## INFORMATION SUPPLIED
┏━━
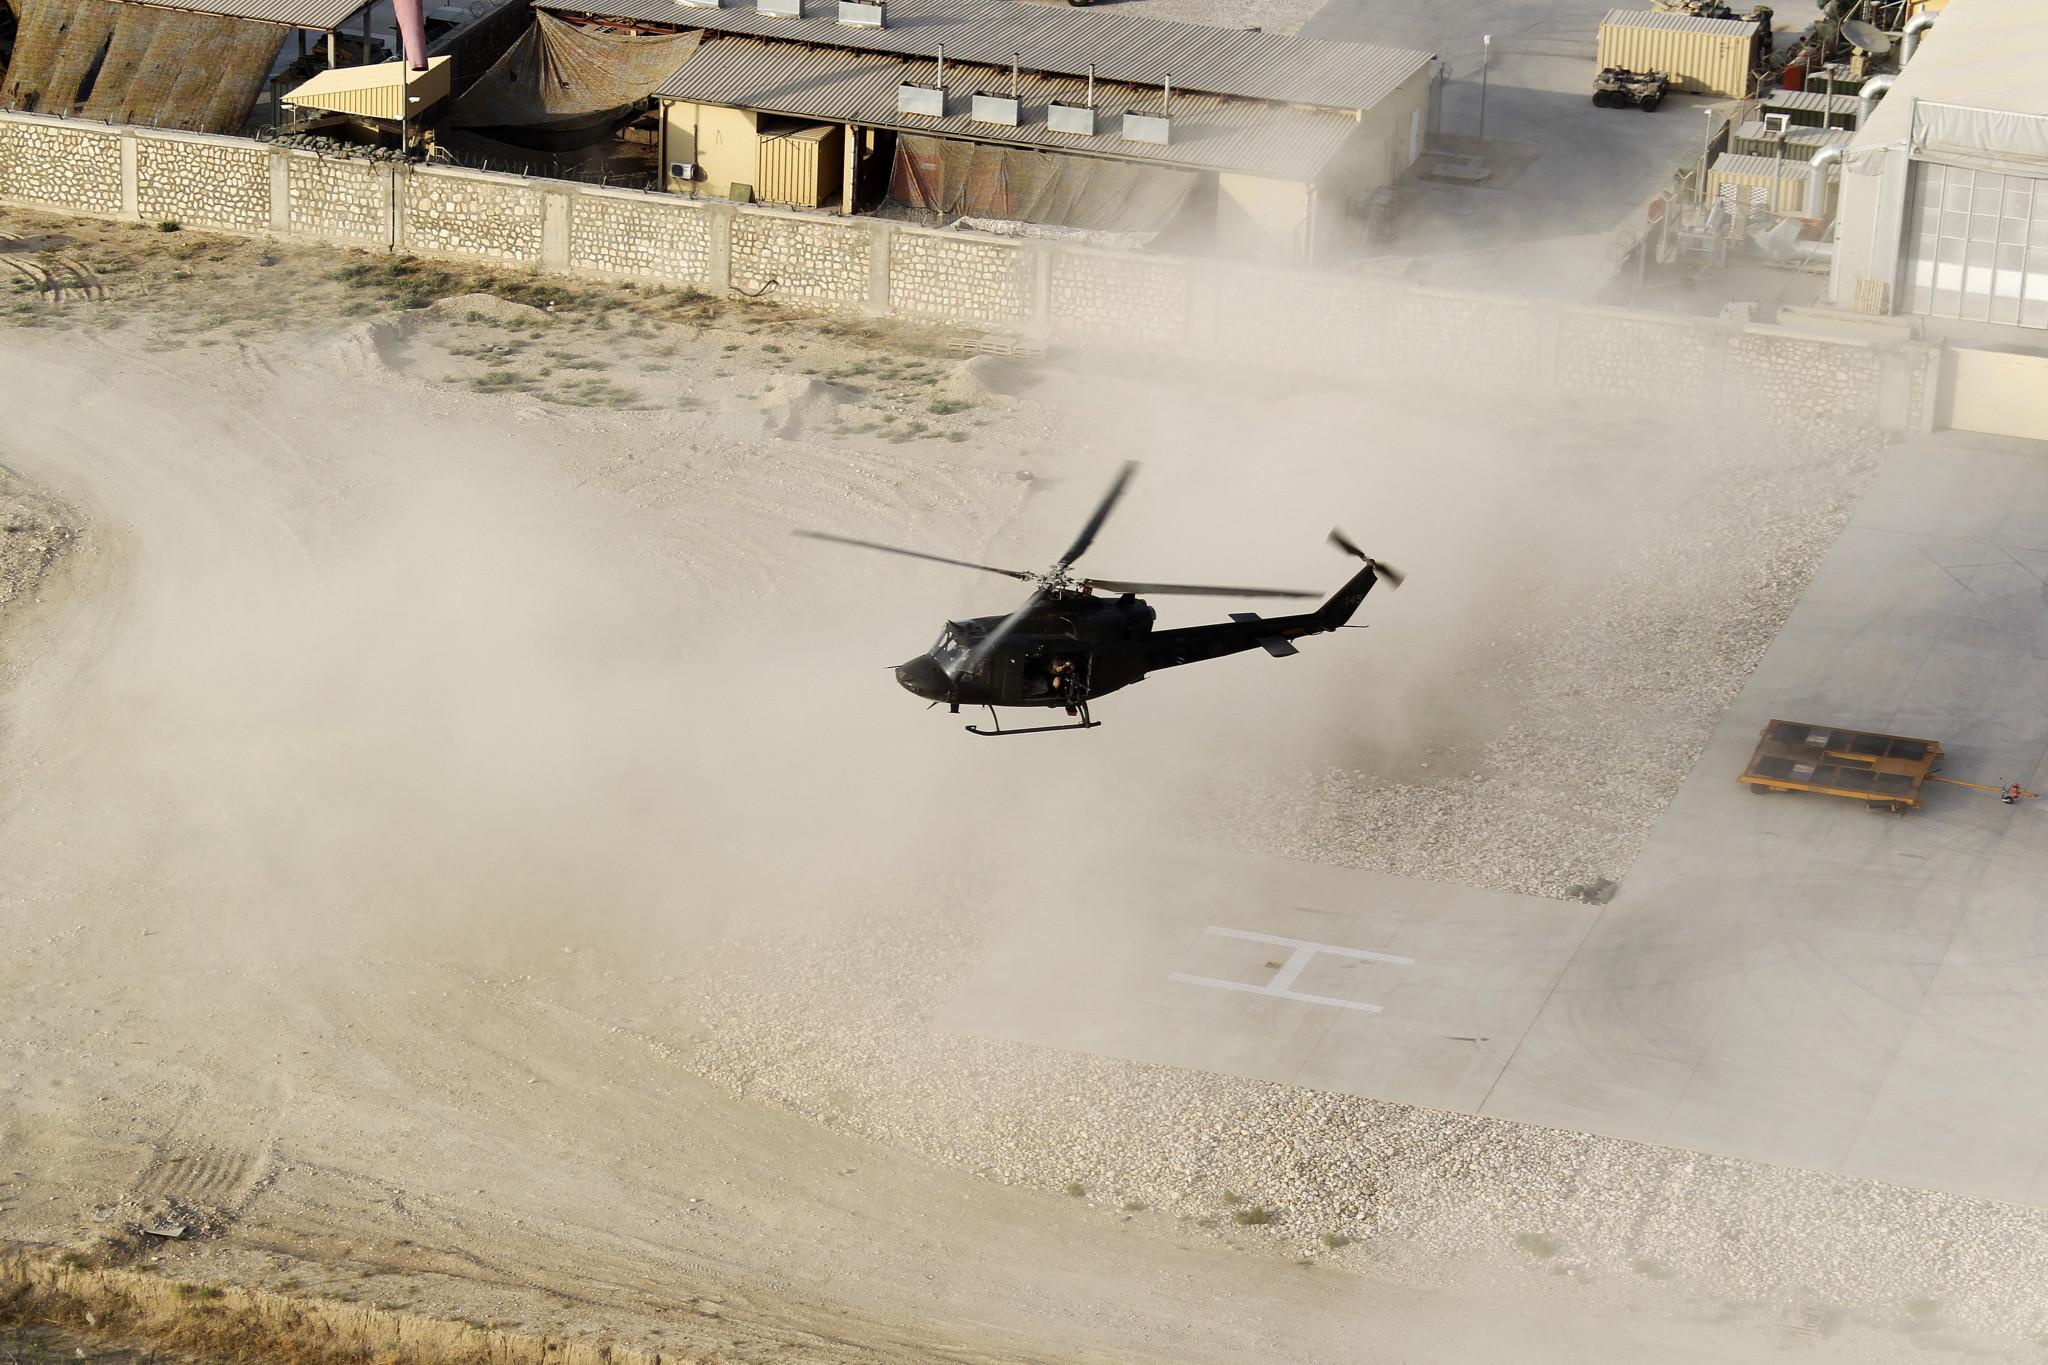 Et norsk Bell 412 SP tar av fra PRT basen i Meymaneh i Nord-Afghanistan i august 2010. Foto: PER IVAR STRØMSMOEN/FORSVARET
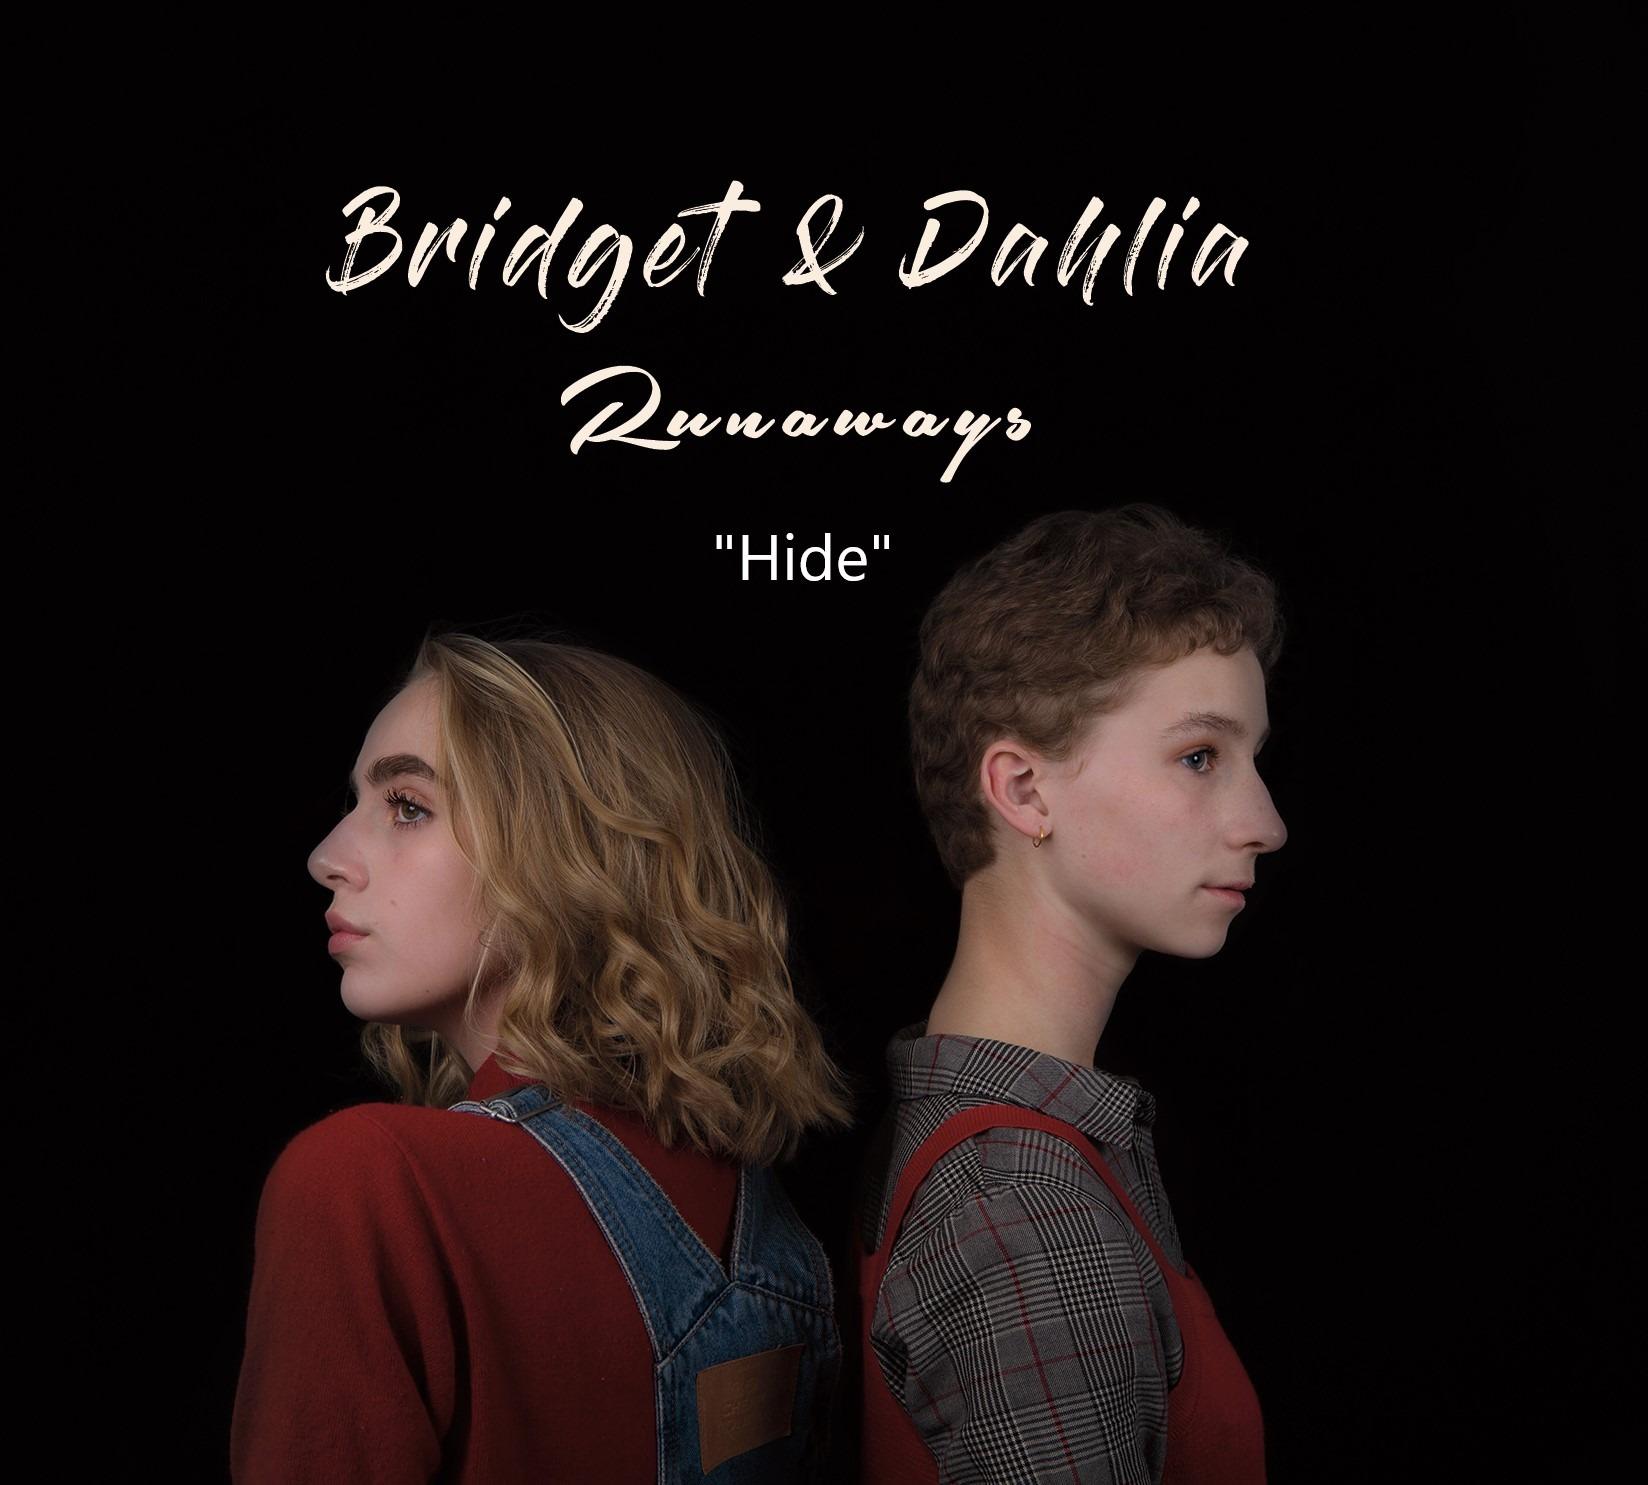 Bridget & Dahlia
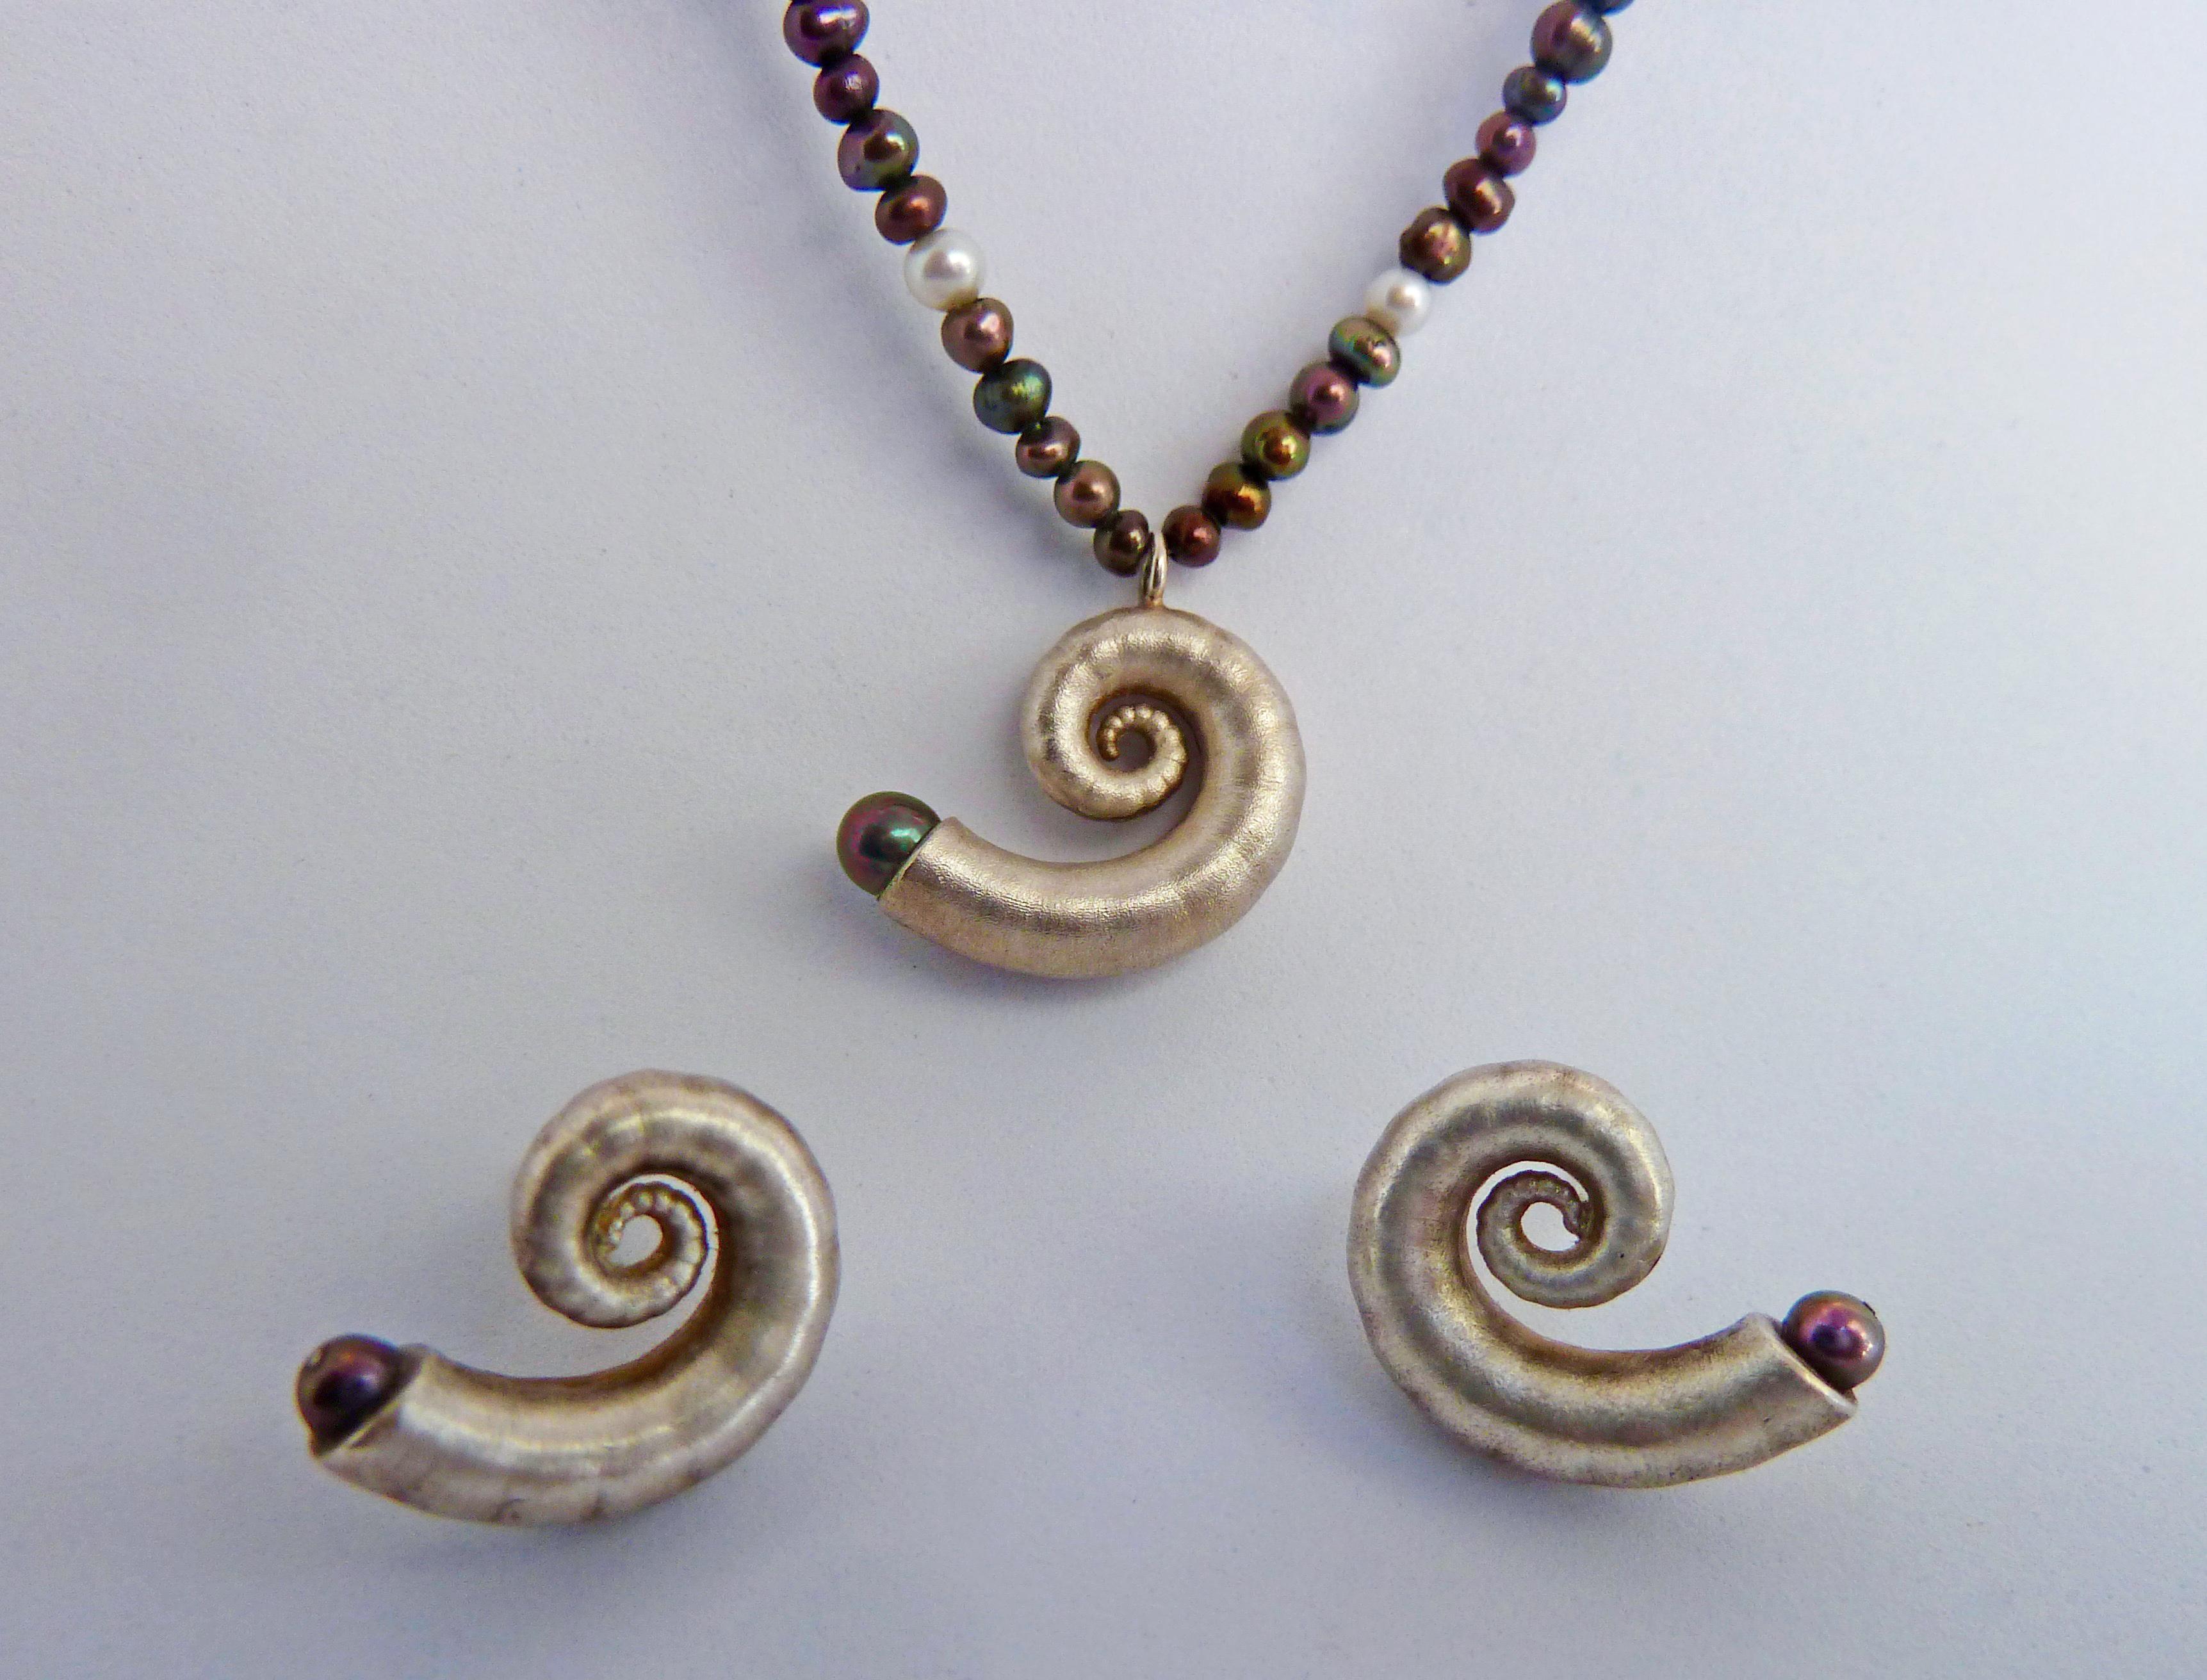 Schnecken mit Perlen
┗━━
## TASK OBJECTIVE
If a line holds a picture, skip the picture and transcribe the rest of the material exactly.

## EXERCISE RESULT
 Et norsk Bell 412 SP tar av fra PRT basen i Meymaneh i Nord-Afghanistan i august 2010. Foto: PER IVAR STRØMSMOEN/FORSVARET
 Bridget & Dahlia
 Schnecken mit Perlen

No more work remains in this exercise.